Financial Sector Sanctions
The Act authorizes the President to impose sanctions on a foreign financial institution that knowingly engages in a significant transaction involving:
- The manufacture or sale of defense articles transferred into Syria or the territory of a Specified Country without the consent of the “internationally recognized government of that country;”
- The brokerage, transfer or other assistance in the transfer of defense articles into Syria or the territory of a Specified Country without the consent of the “internationally recognized government of that country;”
- The assistance, sponsorship, or provision of financial, material, or technological support for, or goods or services in support of, the activities described above or with respect to a Russian entity involved in such activities;
- Significant investments in a Special Russian Crude Oil Project; or
- Gazprom, if Gazprom is determined to be withholding significant natural gas supplies from NATO member countries or further withholds natural gas supplies from countries such as Ukraine, Georgia or Moldova.

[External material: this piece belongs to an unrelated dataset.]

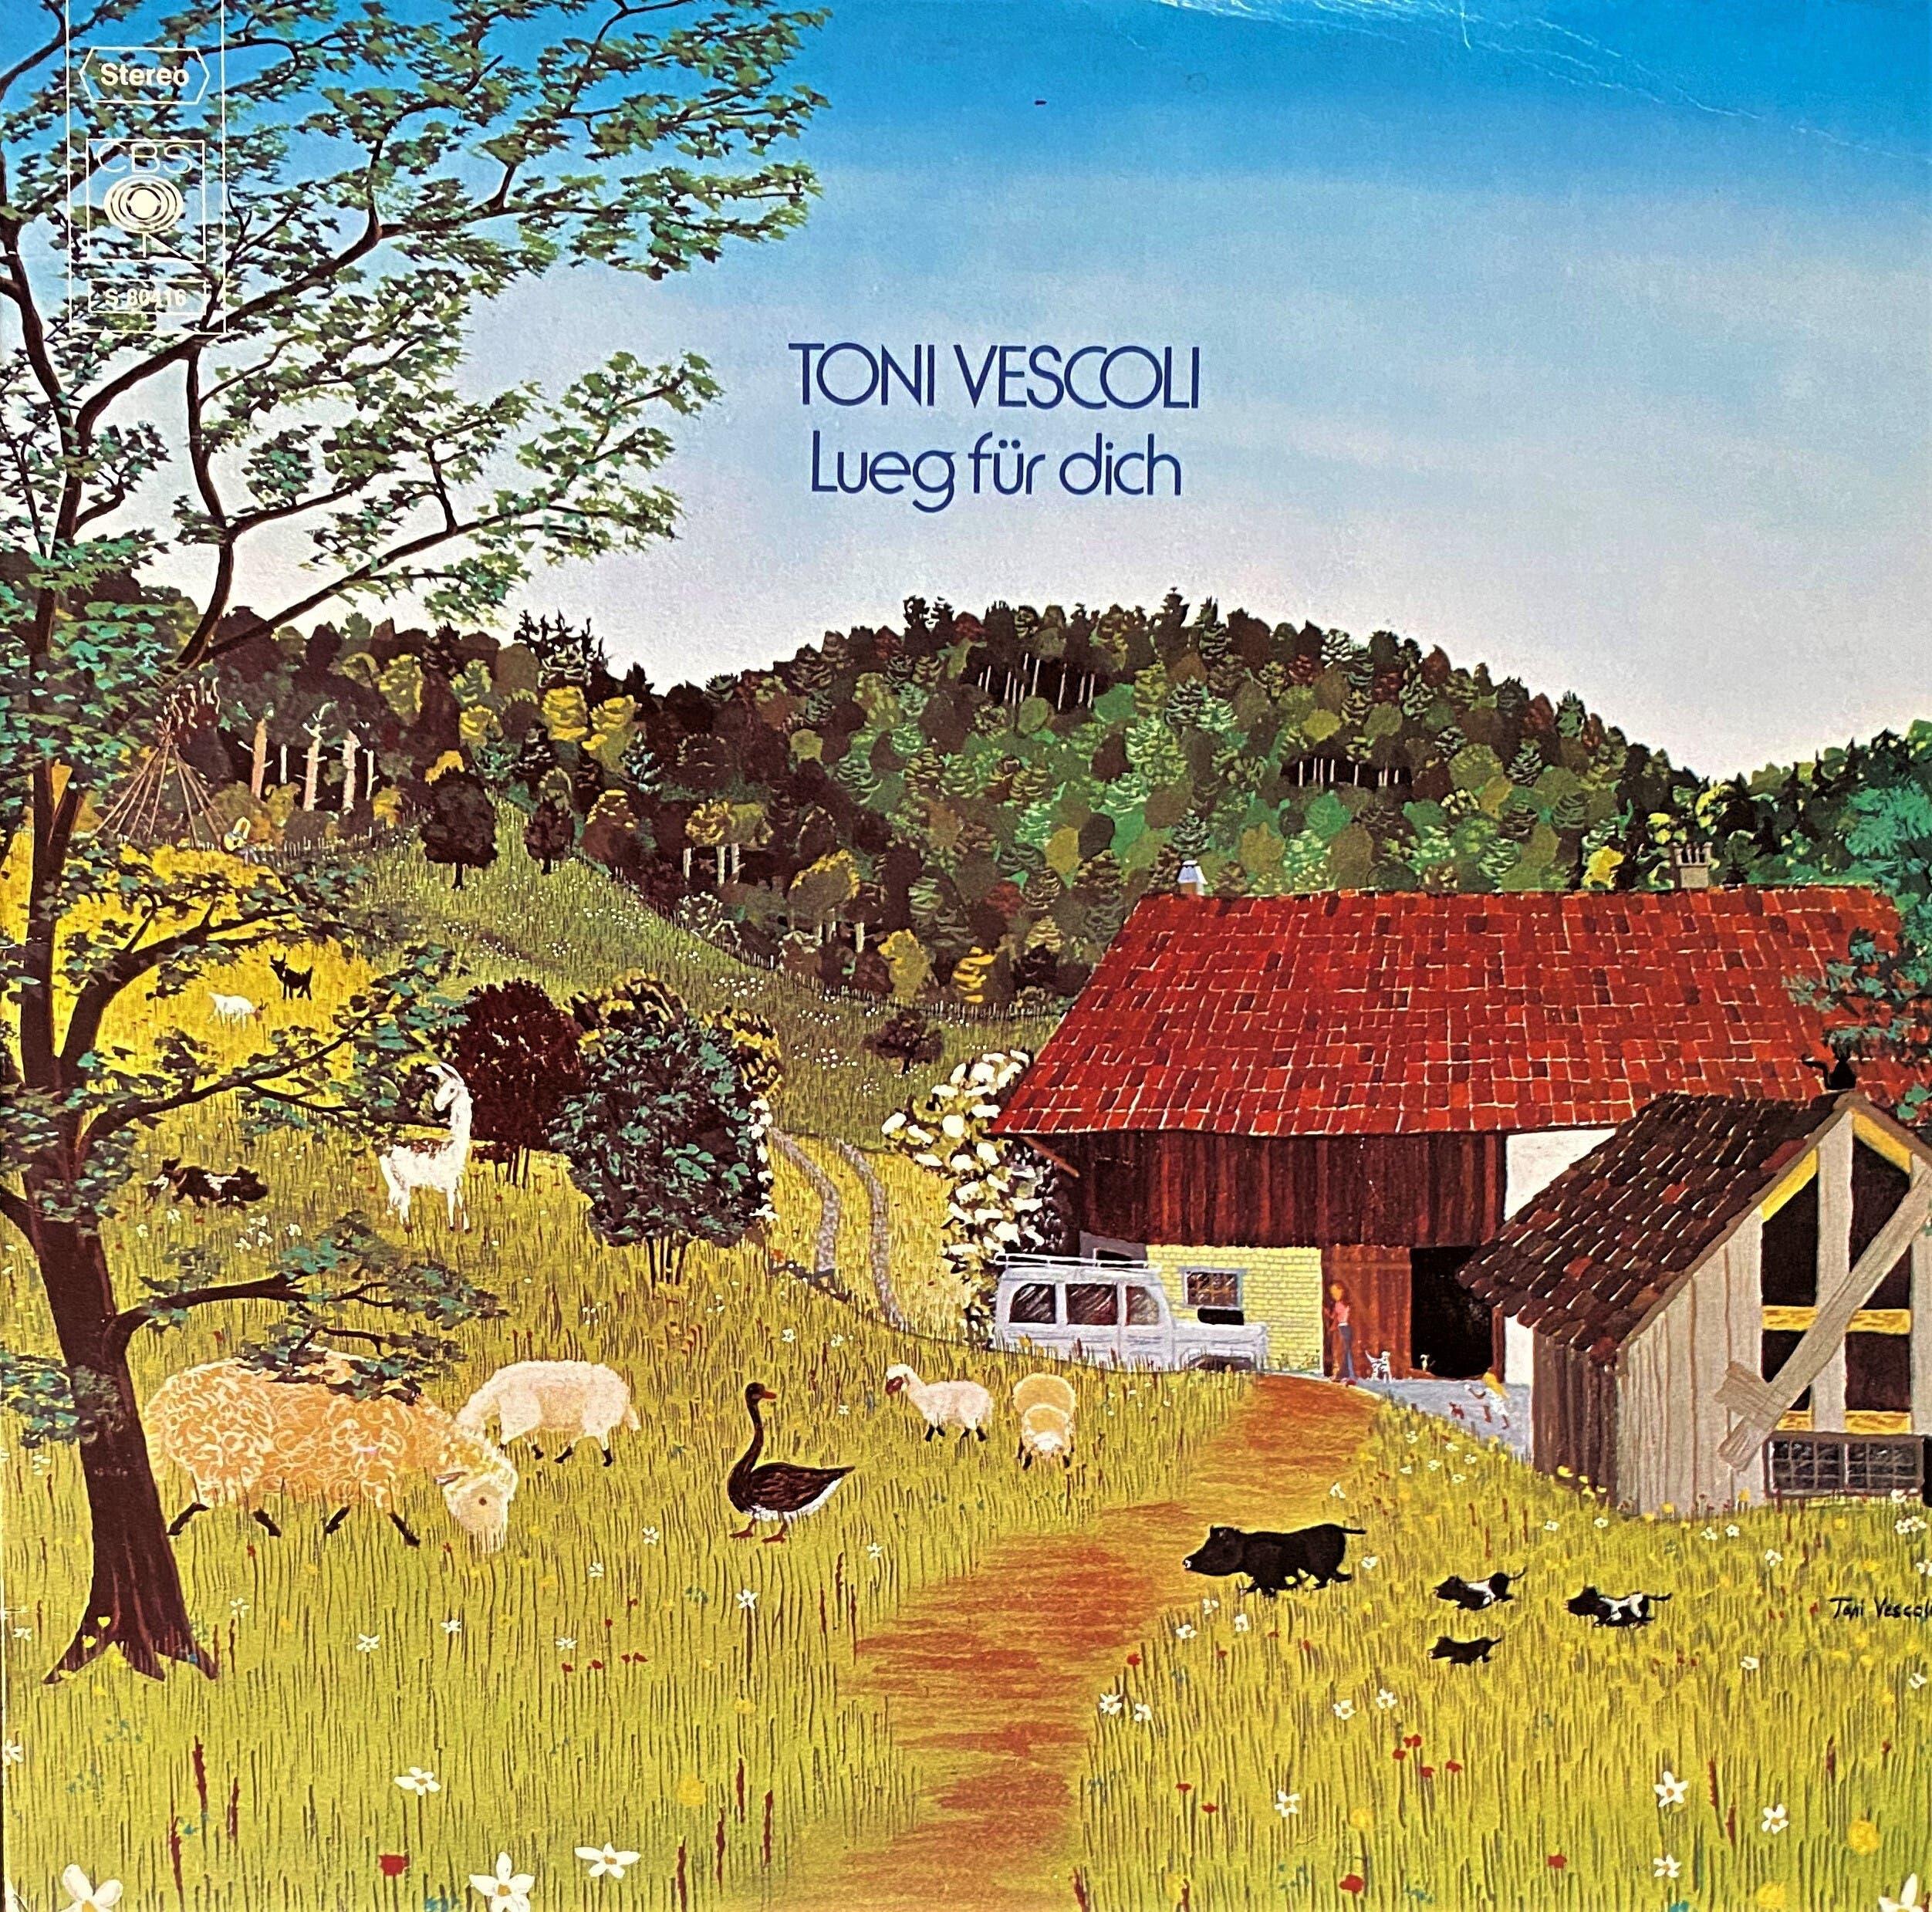 Toni Vescoli: Lueg für dich (Zürich 1974, Album)

Further, beginning on or after 180 days after December 18, 2014, sanctions may be imposed on a foreign financial institution that knowingly facilitates a significant financial transaction on behalf of any Russian person identified on the SDN List. Russian persons are defined to include citizens or nationals of Russia or entities organized under the laws of Russia.

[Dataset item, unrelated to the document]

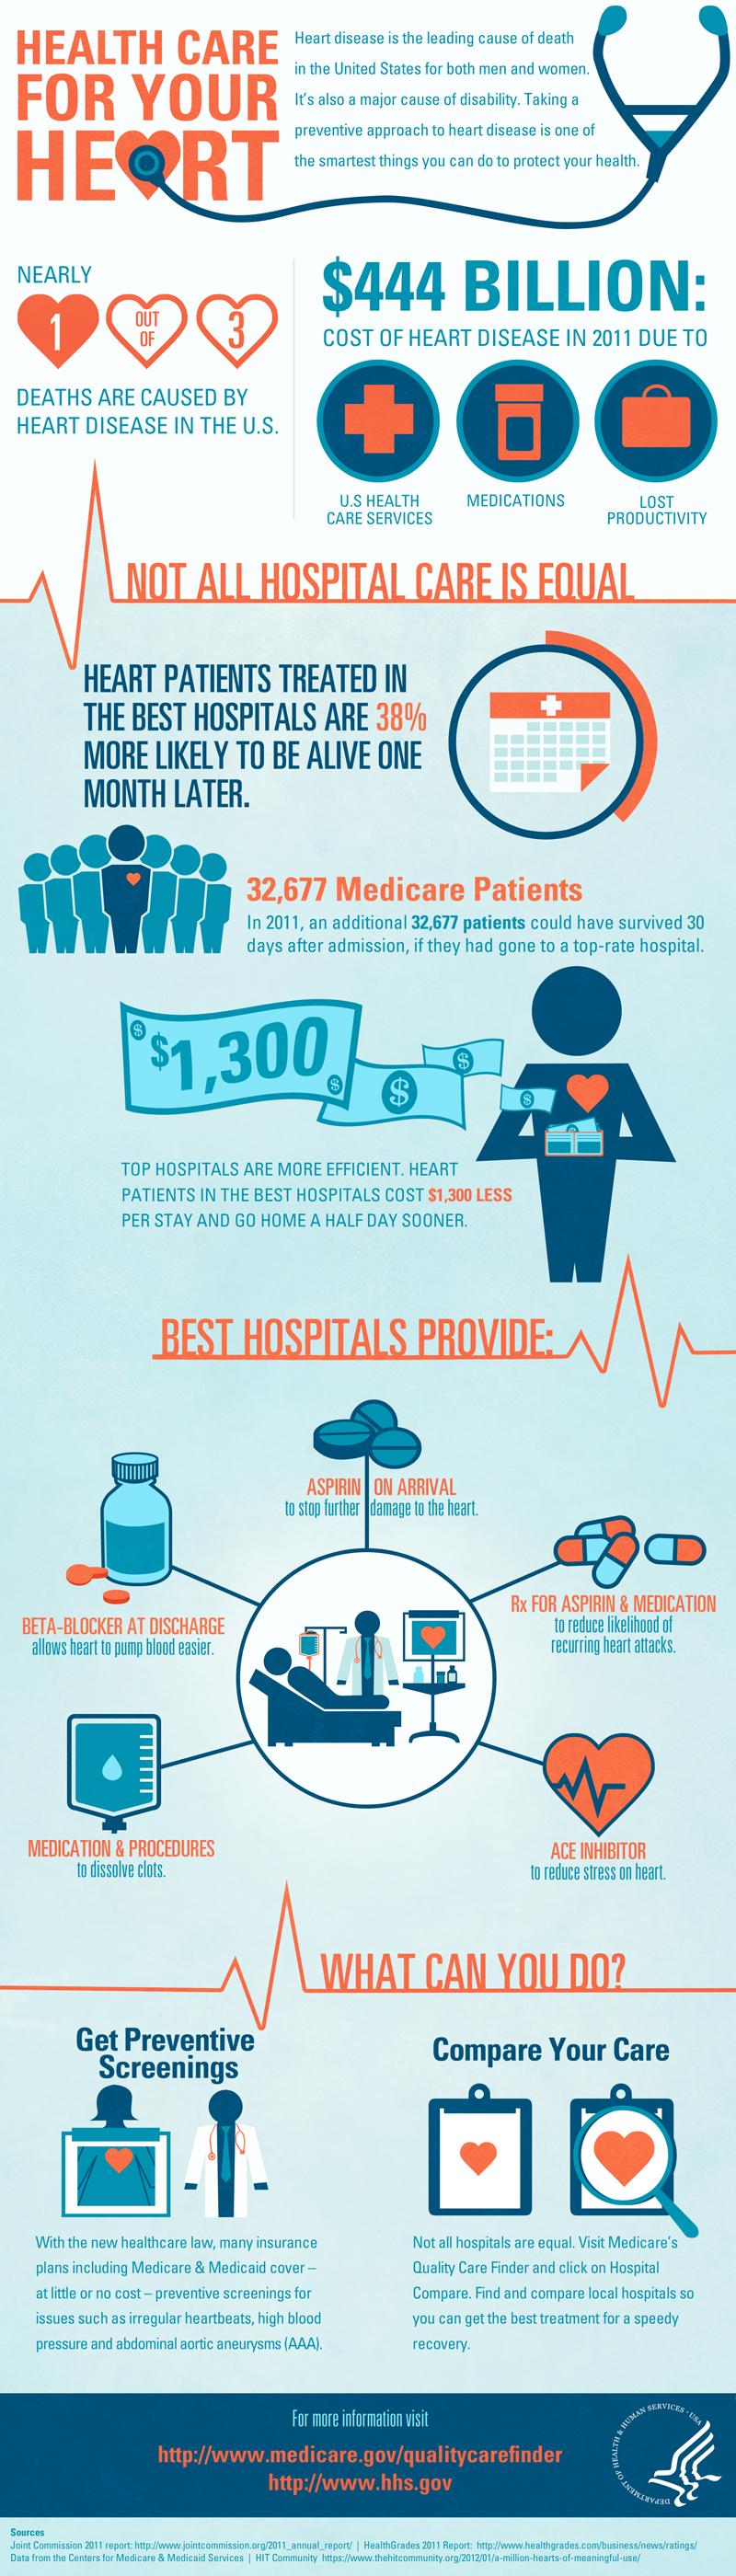 Heart Disease and Treatment Statistics

In each of these cases, the President may prohibit the opening of, or prohibit or impose strict conditions on the maintenance of, a correspondent account or a payable-through account in the United States by the targeted foreign financial institution.
Exemptions and Waivers
For purposes of the defense and energy sanctions described above, the Act includes limited exceptions for the procurement of certain defense articles or defense services under existing contracts. Certain other items are exempt from the defense and energy sanctions in the Act, such as certain information, technology, and spare or component parts essential to US products or production; and certain food, medicine, medical devices or agricultural commodities.
The Act also authorizes the President to waive any of the sanctions set forth in the Act in the “national security interest” of the United States.
Click here for a copy of the Act.
Click here for a copy of the Statement.
More information about the Russia sanctions, including the corresponding Executive Orders and sanctions measures, can be found here. Companies doing business with or exporting to Russia and Ukraine should closely monitor any measures imposed by the United States to ensure compliance. Penalties for noncompliance can be severe.